MLControl {MachineShop} | R Documentation |
Resampling Controls
Description
Structures to define and control sampling methods for estimation of model predictive performance in the MachineShop package.
Usage
BootControl(
samples = 25,
weights = TRUE,
seed = sample(.Machine$integer.max, 1)
)
BootOptimismControl(
samples = 25,
weights = TRUE,
seed = sample(.Machine$integer.max, 1)
)
CVControl(
folds = 10,
repeats = 1,
weights = TRUE,
seed = sample(.Machine$integer.max, 1)
)
CVOptimismControl(
folds = 10,
repeats = 1,
weights = TRUE,
seed = sample(.Machine$integer.max, 1)
)
OOBControl(
samples = 25,
weights = TRUE,
seed = sample(.Machine$integer.max, 1)
)
SplitControl(
prop = 2/3,
weights = TRUE,
seed = sample(.Machine$integer.max, 1)
)
TrainControl(weights = TRUE, seed = sample(.Machine$integer.max, 1))
Arguments
samples |
number of bootstrap samples. |
weights |
logical indicating whether to return case weights in resampled output for the calculation of performance metrics. |
seed |
integer to set the seed at the start of resampling. |
folds |
number of cross-validation folds (K). |
repeats |
number of repeats of the K-fold partitioning. |
prop |
proportion of cases to include in the training set
( |
Details
BootControl
constructs an MLControl
object for simple bootstrap
resampling in which models are fit with bootstrap resampled training sets and
used to predict the full data set (Efron and Tibshirani 1993).
BootOptimismControl
constructs an MLControl
object for
optimism-corrected bootstrap resampling (Efron and Gong 1983, Harrell et al.
1996).
CVControl
constructs an MLControl
object for repeated K-fold
cross-validation (Kohavi 1995). In this procedure, the full data set is
repeatedly partitioned into K-folds.
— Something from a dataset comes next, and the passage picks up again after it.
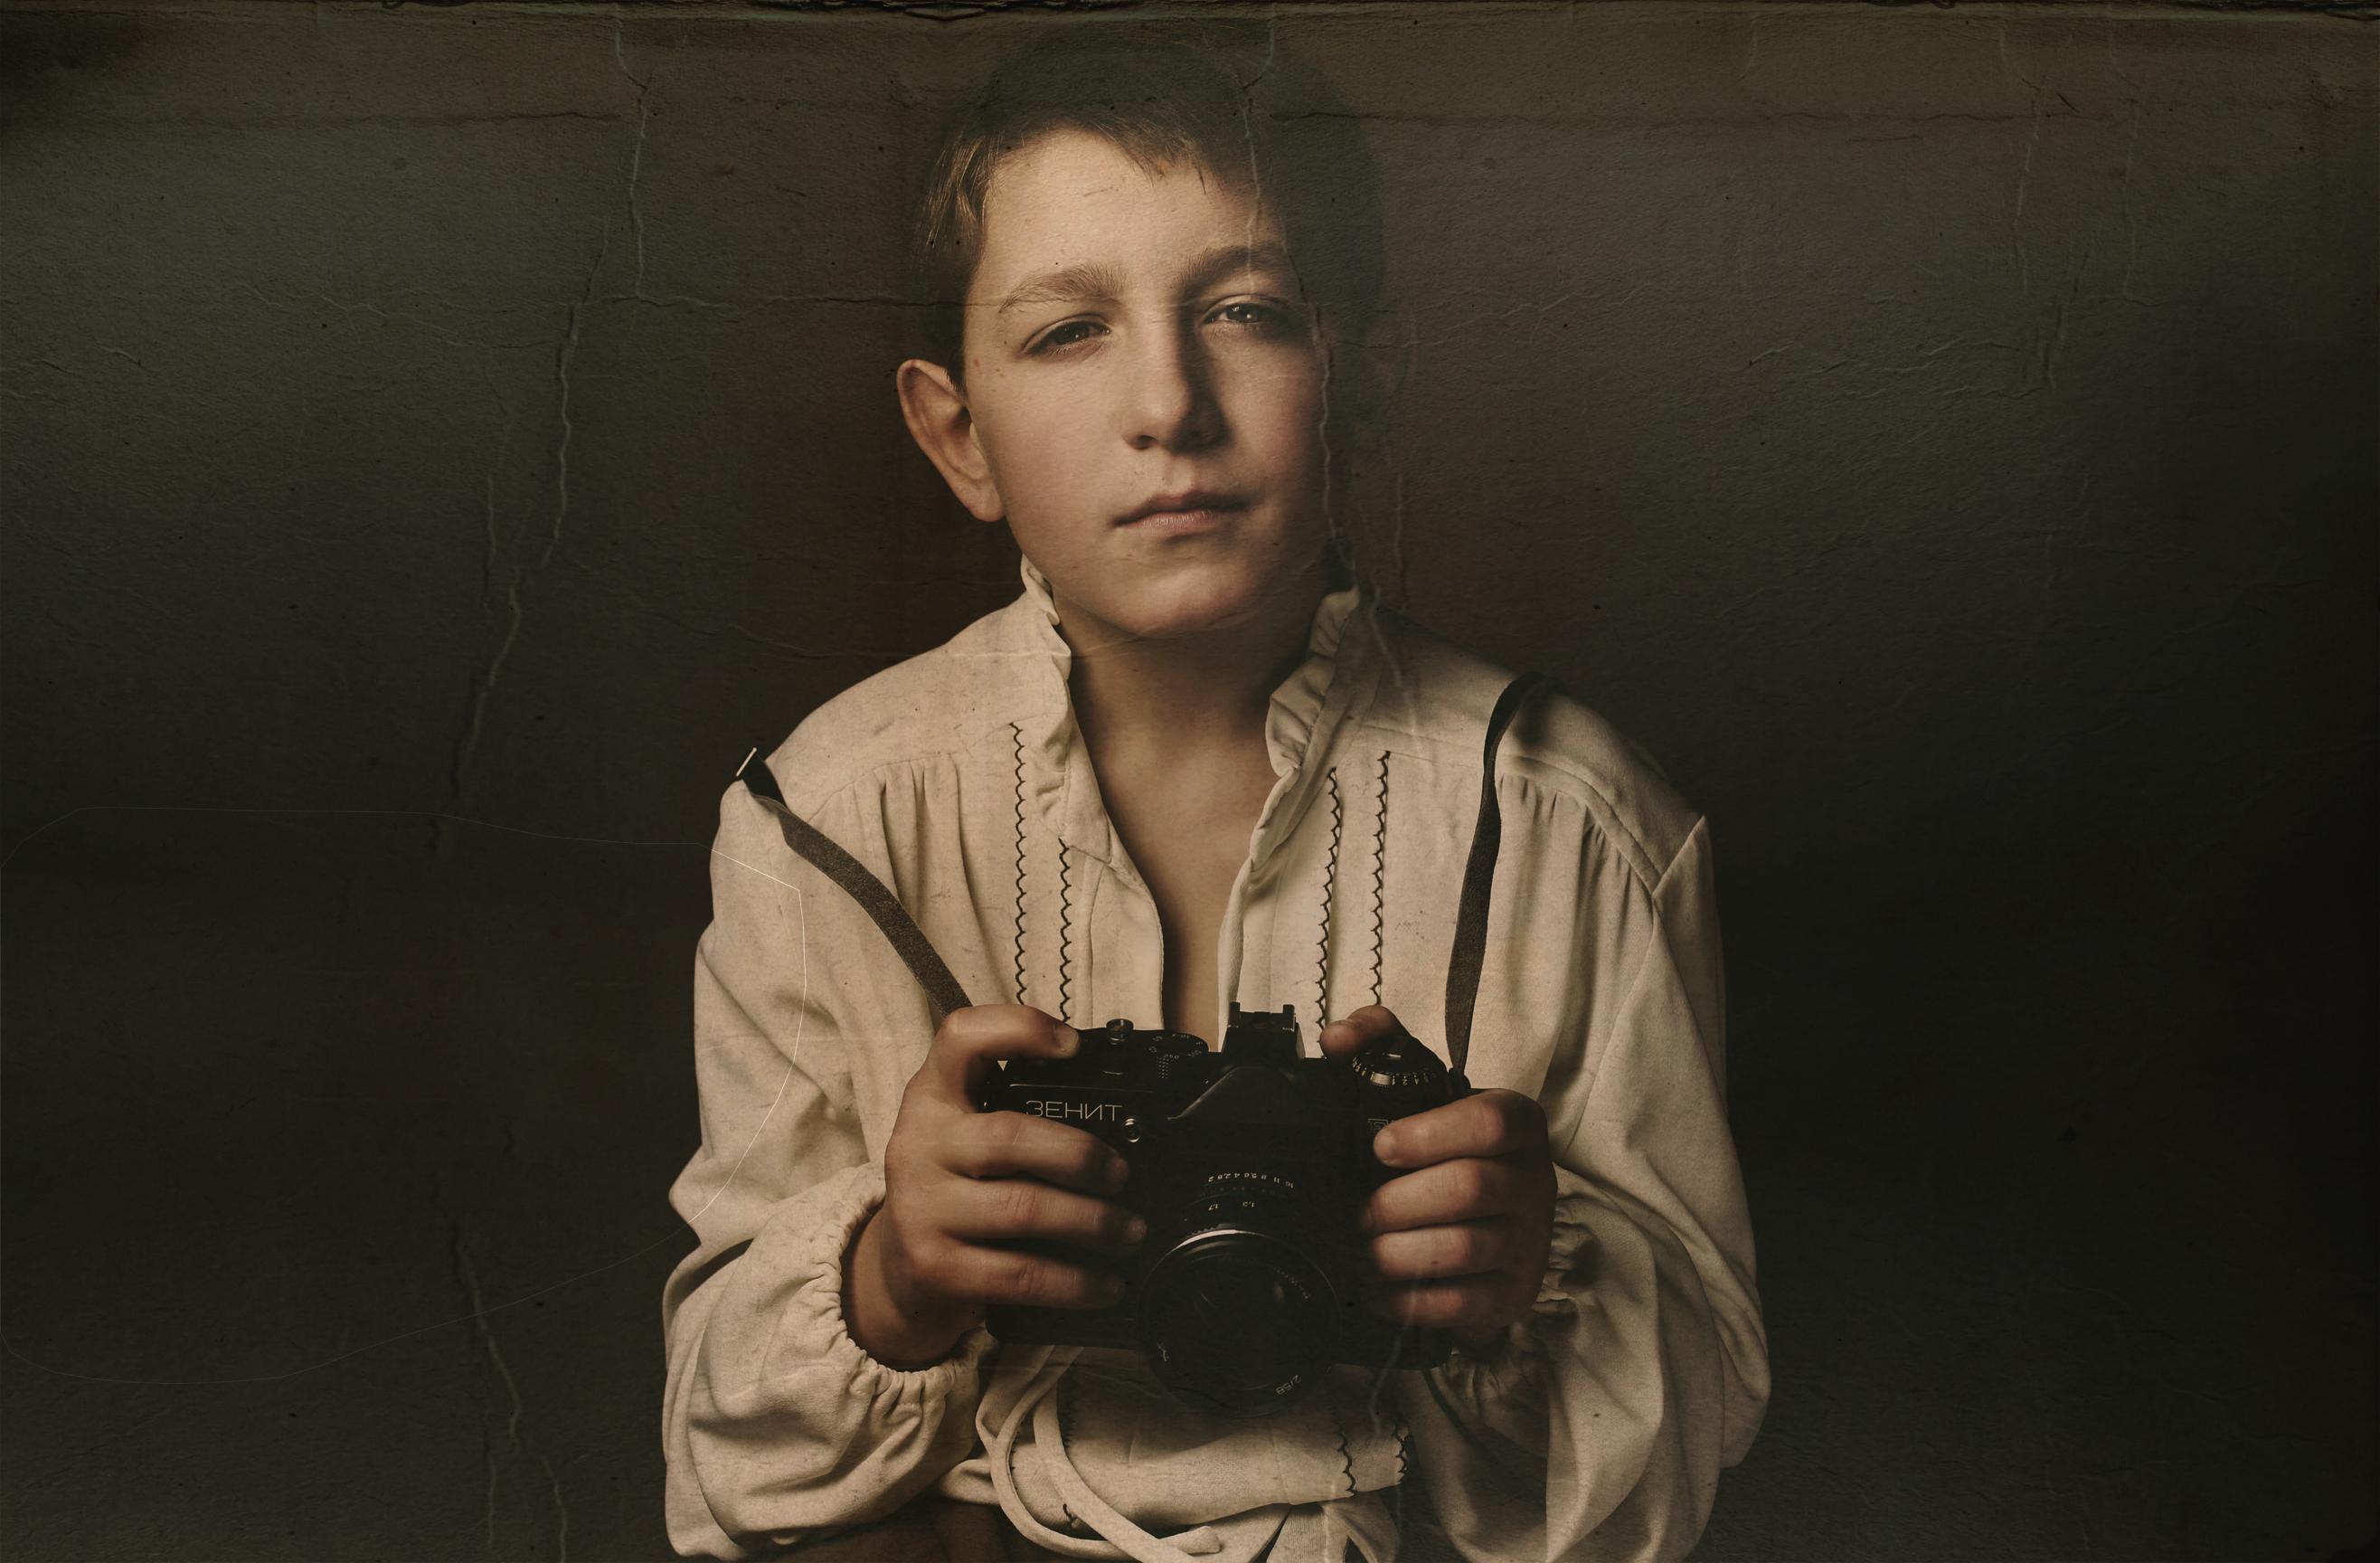 Обои: Селфи молодого фотографа с ...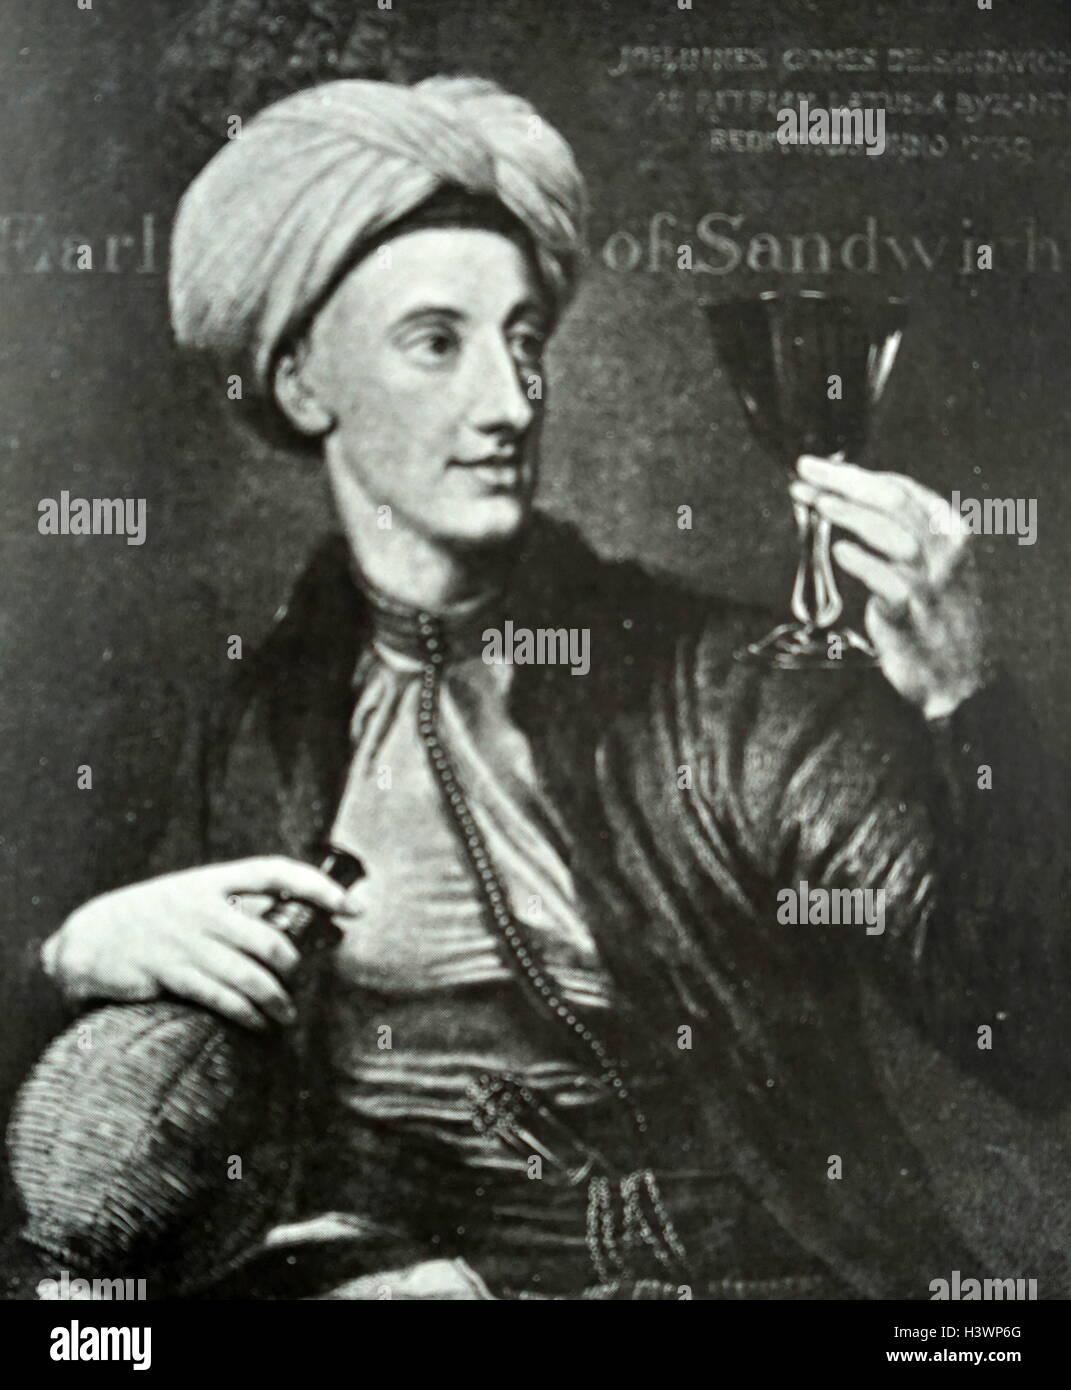 Portrait of John Montagu, 4th Earl of Sandwich by George Knapton - Stock Image

Within a partitioning, prediction is
performed on each of the K folds with models fit on all remaining folds.
CVOptimismControl
constructs an MLControl
object for
optimism-corrected cross-validation resampling (Davison and Hinkley 1997,
eq. 6.48).
OOBControl
constructs an MLControl
object for out-of-bootstrap
resampling in which models are fit with bootstrap resampled training sets and
used to predict the unsampled cases.
SplitControl
constructs an MLControl
object for splitting data
into a separate training and test set (Hastie et al. 2009).
TrainControl
constructs an MLControl
object for training and
performance evaluation to be performed on the same training set (Efron 1986).
Value
Object that inherits from the MLControl
class.
References
Efron, B., & Tibshirani, R. J. (1993). An introduction to the bootstrap. Chapman & Hall/CRC.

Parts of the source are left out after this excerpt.